Microfluidically produced microcapsules with amphiphilic polymer conetwork shells

Microcapsules with aqueous core can be conveniently prepared by water-in-oil-in-water double emulsion microfluidics. However, conventional shell materials are either based on polymers or monomers that are soluble in the oil phase, or based on hydrophobic colloidal particles. As a result, microcapsules derived from double emulsions usually feature a hydrophobic shell that is not semipermeable for water-soluble compounds. While capsules with semipermeable hydrogel shells have been demonstrated, these may exhibit poor mechanical properties and lack the robustness required in many applications. In this study, amphiphilic polymer conetworks (APCNs) based on poly(2-hydroxyethyl acrylate)-linked by-polydimethylsiloxane (PHEA-l-PDMS) are introduced as a new class of wall materials in double emulsion microcapsules. These APCNs are mechanically robust silicone hydrogels that are swellable and permeable to water, and are soft and elastic in the dry and swollen states. Thus, the microcapsules can be dried and rehydrated multiple times or shrunken in sodium chloride salt solutions without getting damaged. Moreover, the APCNs are semipermeable for hydrophilic organic compounds, while being impermeable for macromolecules and colloids. Thus, they can be loaded with macromolecules or nanoparticles during microfluidic formation, and with organic molecules after capsule synthesis.
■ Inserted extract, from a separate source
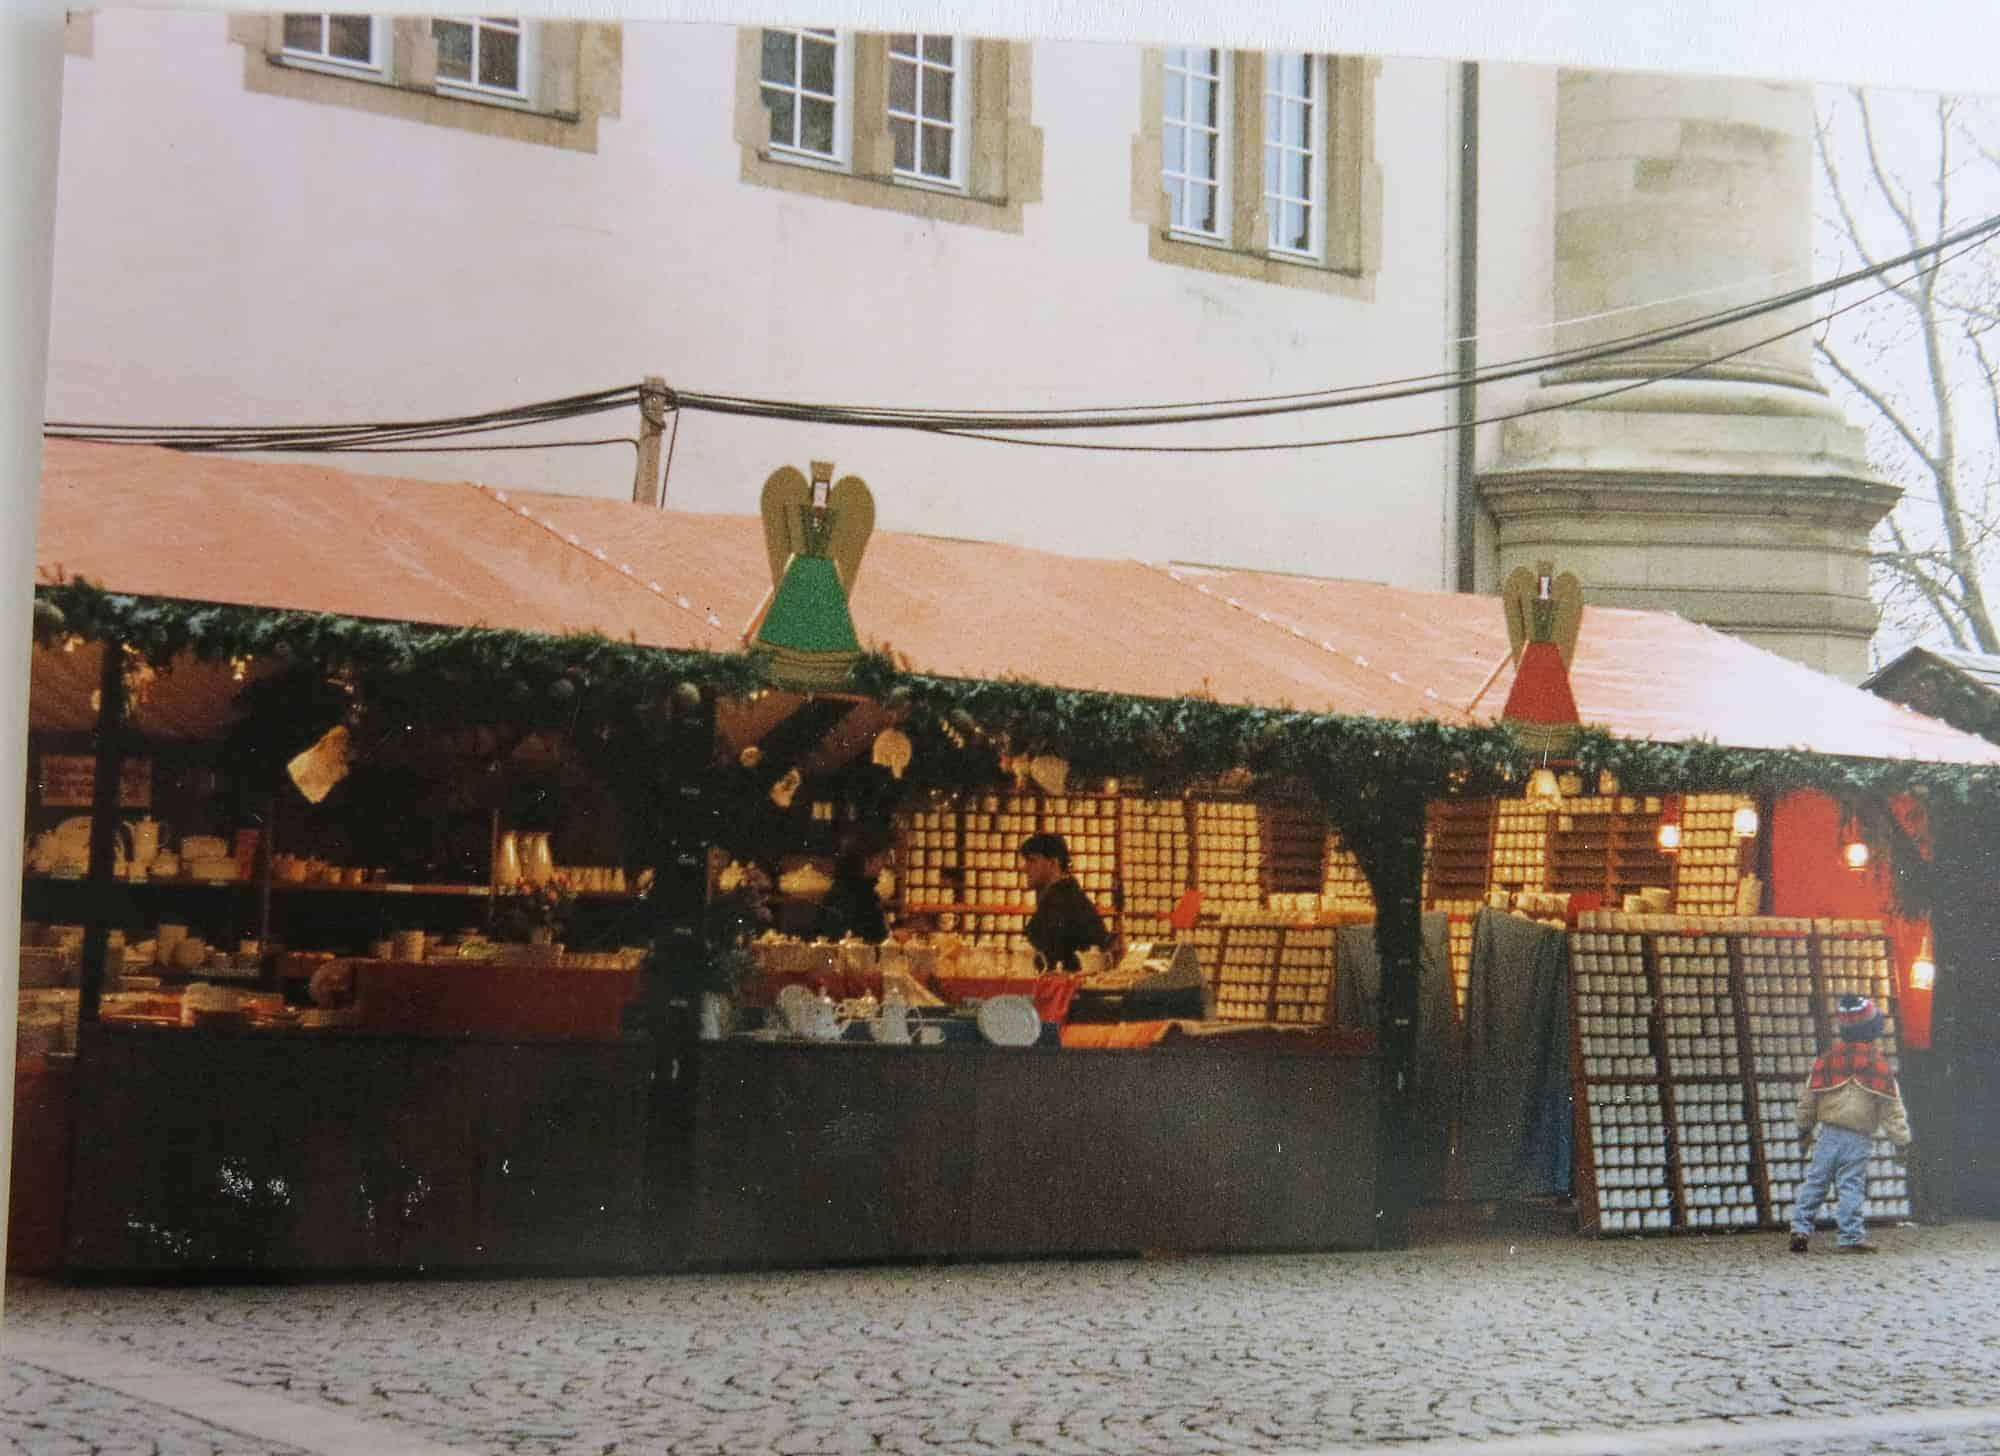 Porzellanstand Stuttgarter Weihnachtsmarkt Stand am Schillerplatz Anfang 90iger Jahre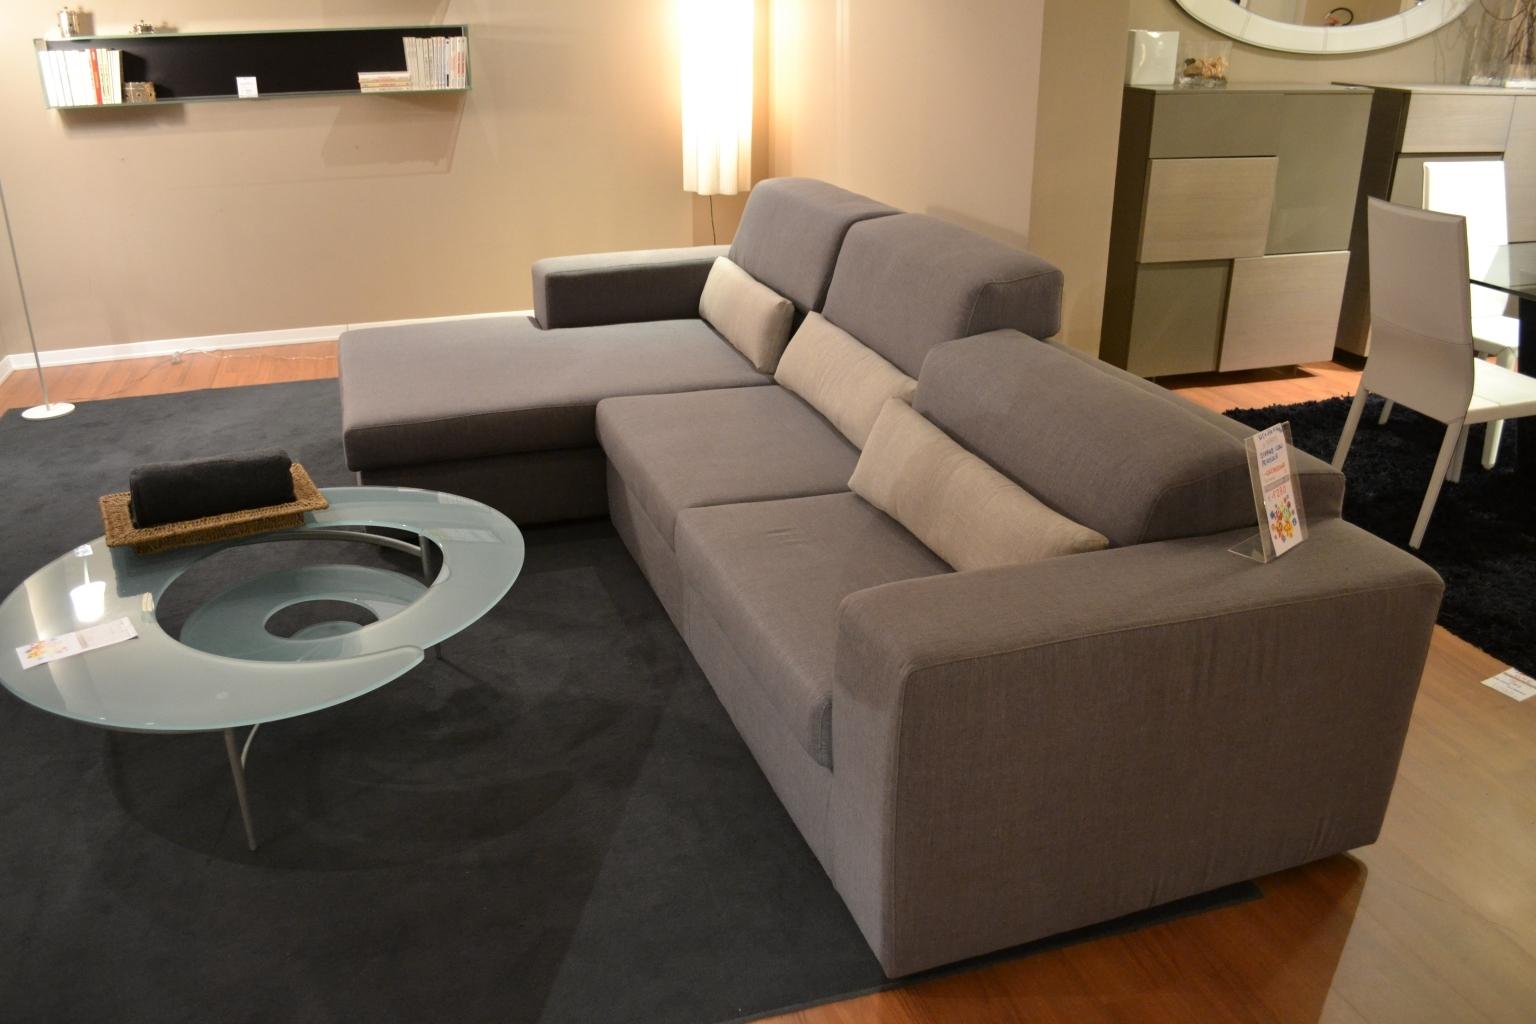 Divano londra la casa moderna divani a prezzi scontati for La casa moderna

Uptake into and release from the capsules were studied with the model compounds fluorescein and fluorescently labelled dextran. Moreover, the microcapsules served as microreactors for catalytically active platinum nanoparticles that decomposed hydrogen peroxide. Finally, the surface of APCN microcapsules can be selectively functionalized with a cholesterol-based linker that non-covalently binds to the hydrophobic domains of the APCN. Thus, APCN microcapsules represent versatile and broadly applicable capsules that could find application for the controlled delivery of drugs, as microreactors for synthesis, or even as scaffolds for synthetic cells.